STORED DATA:

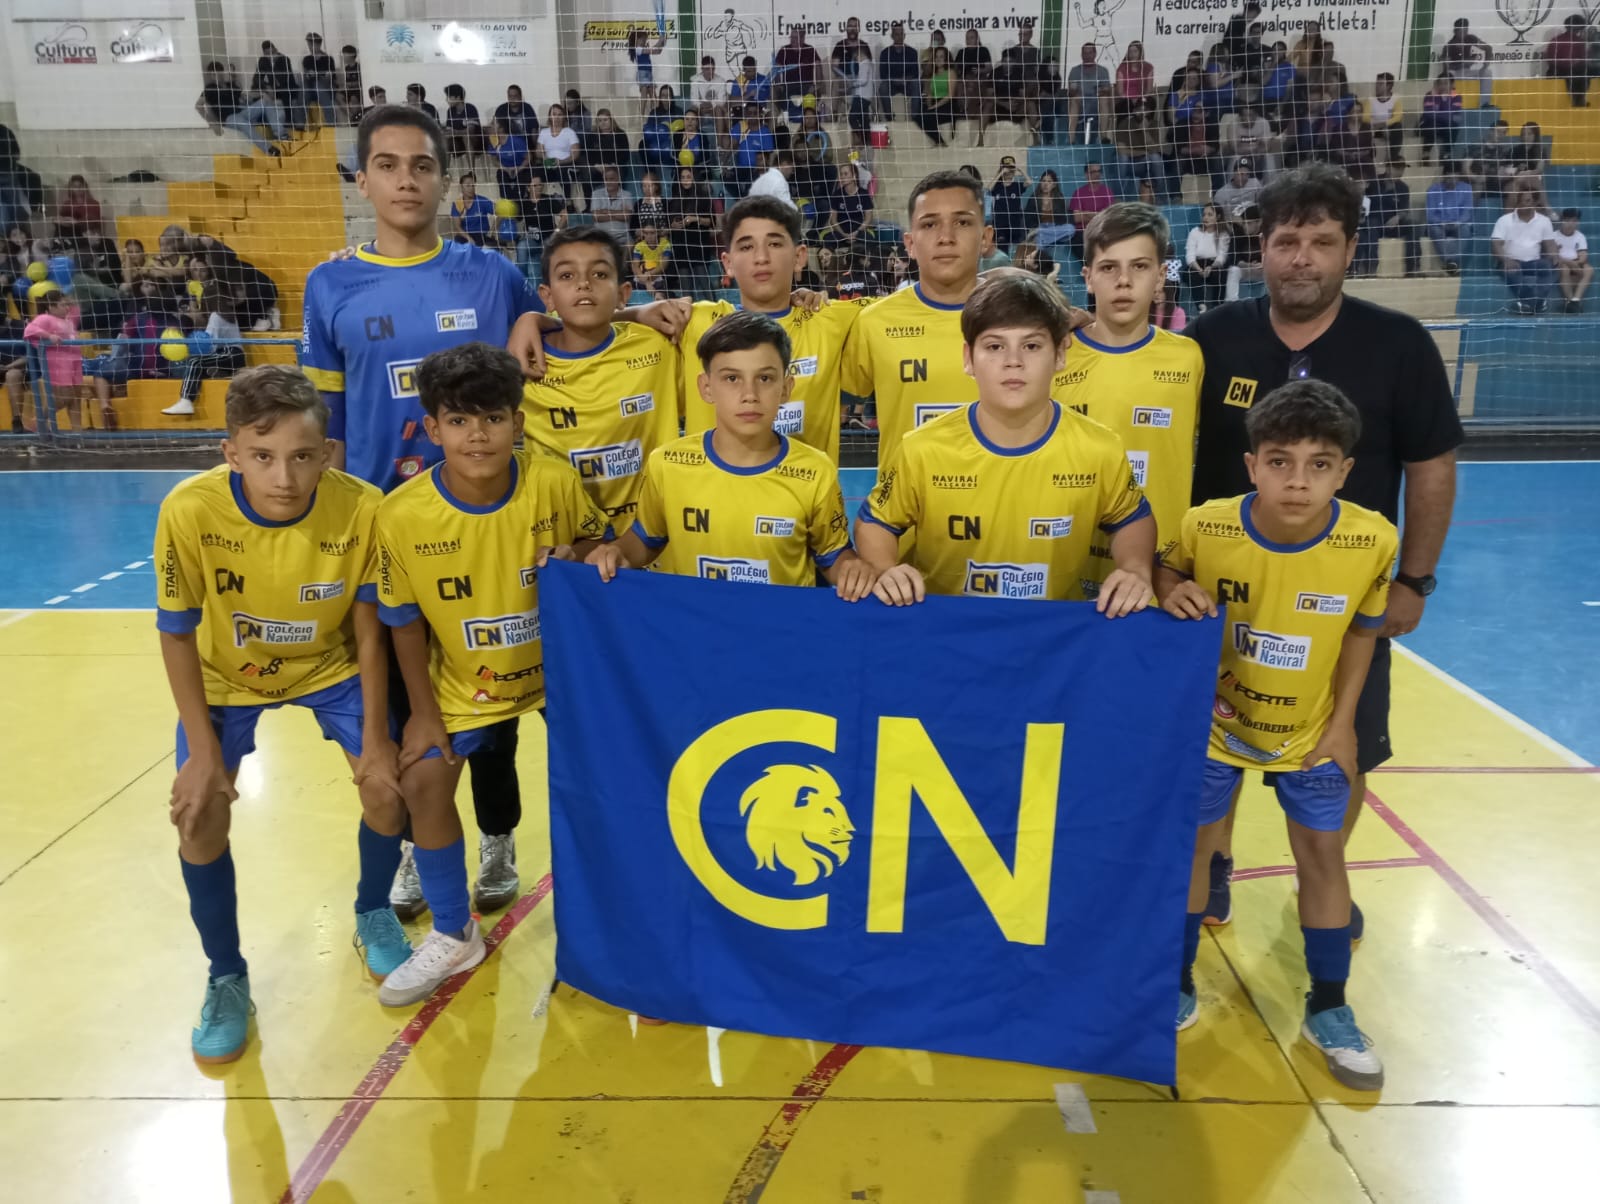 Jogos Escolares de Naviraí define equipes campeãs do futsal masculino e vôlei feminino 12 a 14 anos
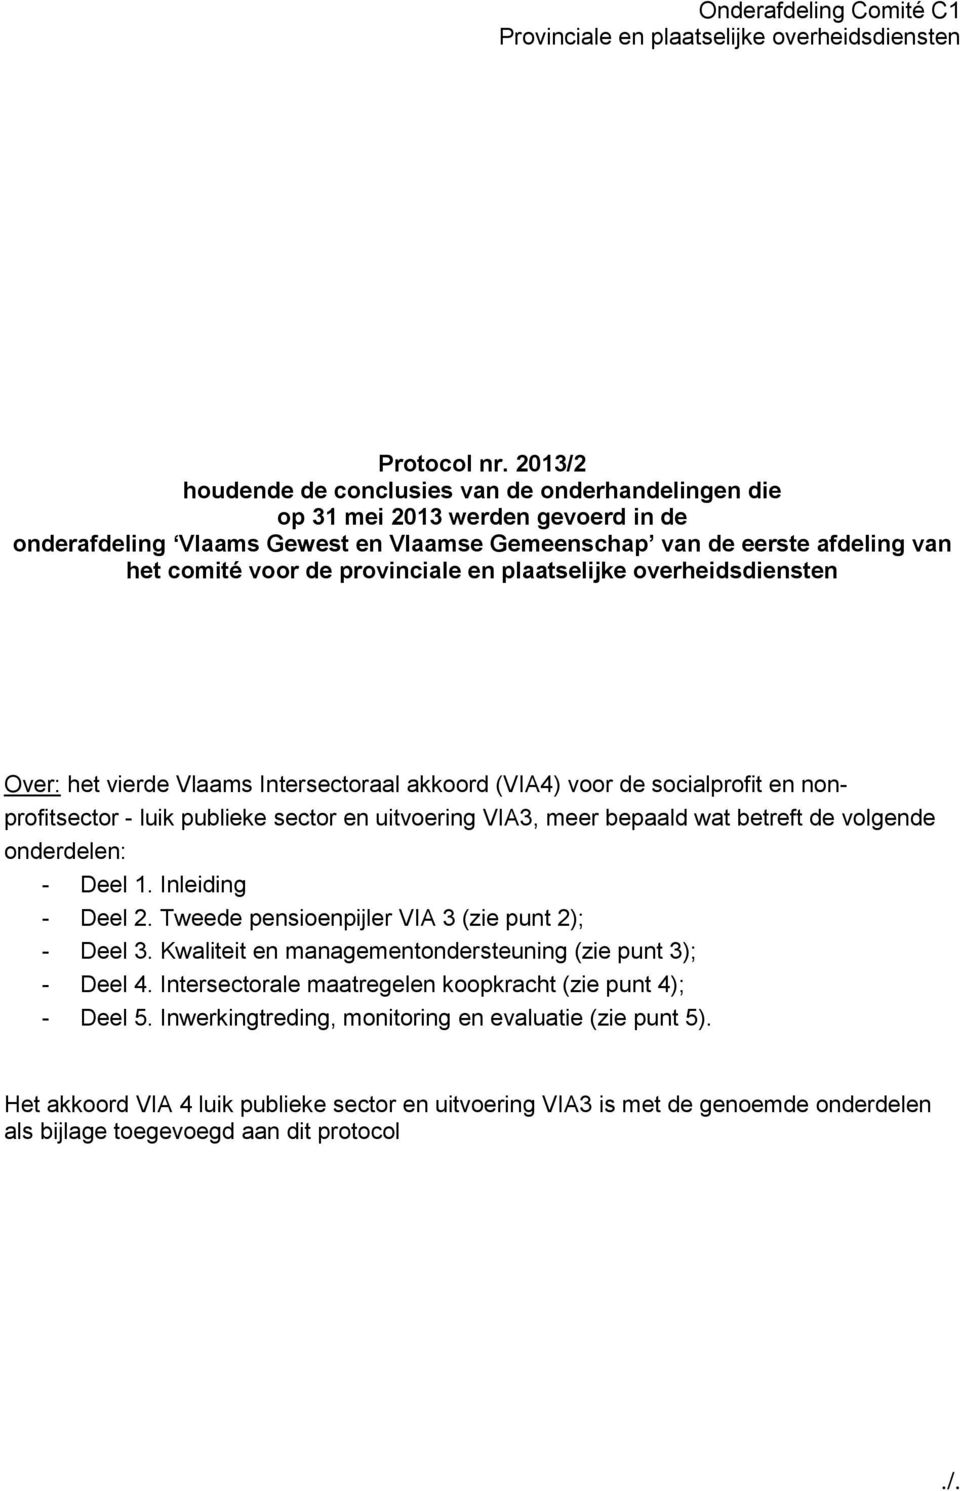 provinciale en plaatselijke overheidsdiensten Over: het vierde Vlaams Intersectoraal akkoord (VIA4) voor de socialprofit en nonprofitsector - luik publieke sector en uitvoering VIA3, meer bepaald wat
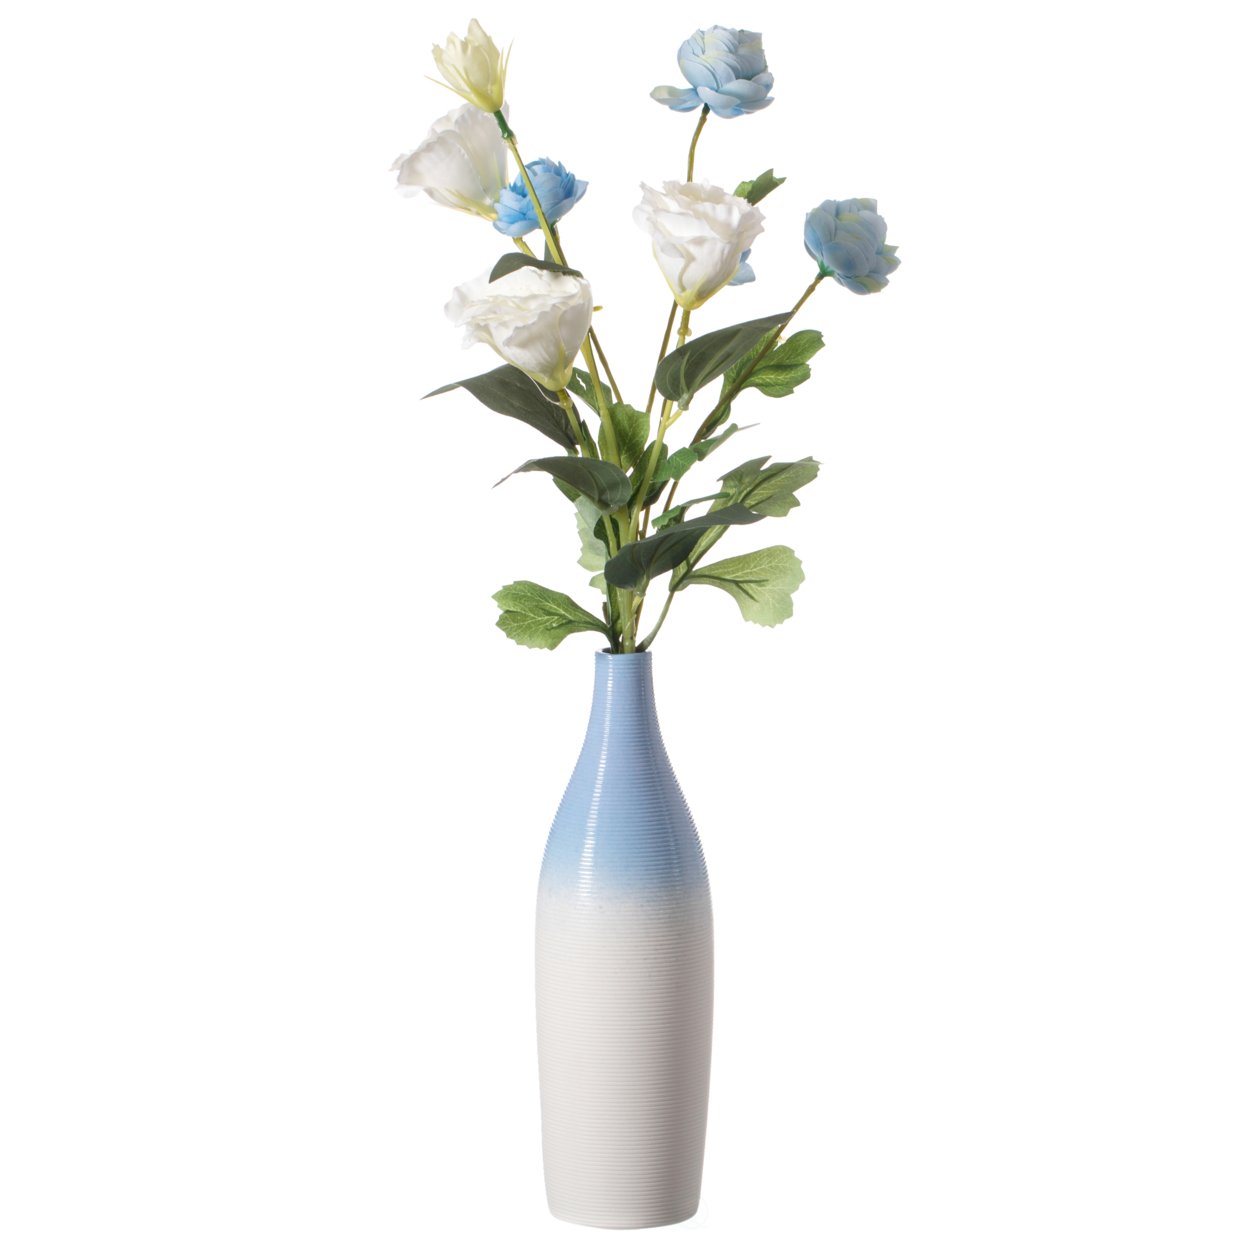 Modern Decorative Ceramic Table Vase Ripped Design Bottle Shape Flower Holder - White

DIRECTIONS: Print the listing again exactly, please. Keep the pictures out of it.

REPLY:
 Jogos Escolares de Naviraí define equipes campeãs do futsal masculino e vôlei feminino 12 a 14 anos
 provinciale en plaatselijke overheidsdiensten Over: het vierde Vlaams Intersectoraal akkoord (VIA4) voor de socialprofit en nonprofitsector - luik publieke sector en uitvoering VIA3, meer bepaald wat
 Modern Decorative Ceramic Table Vase Ripped Design Bottle Shape Flower Holder - White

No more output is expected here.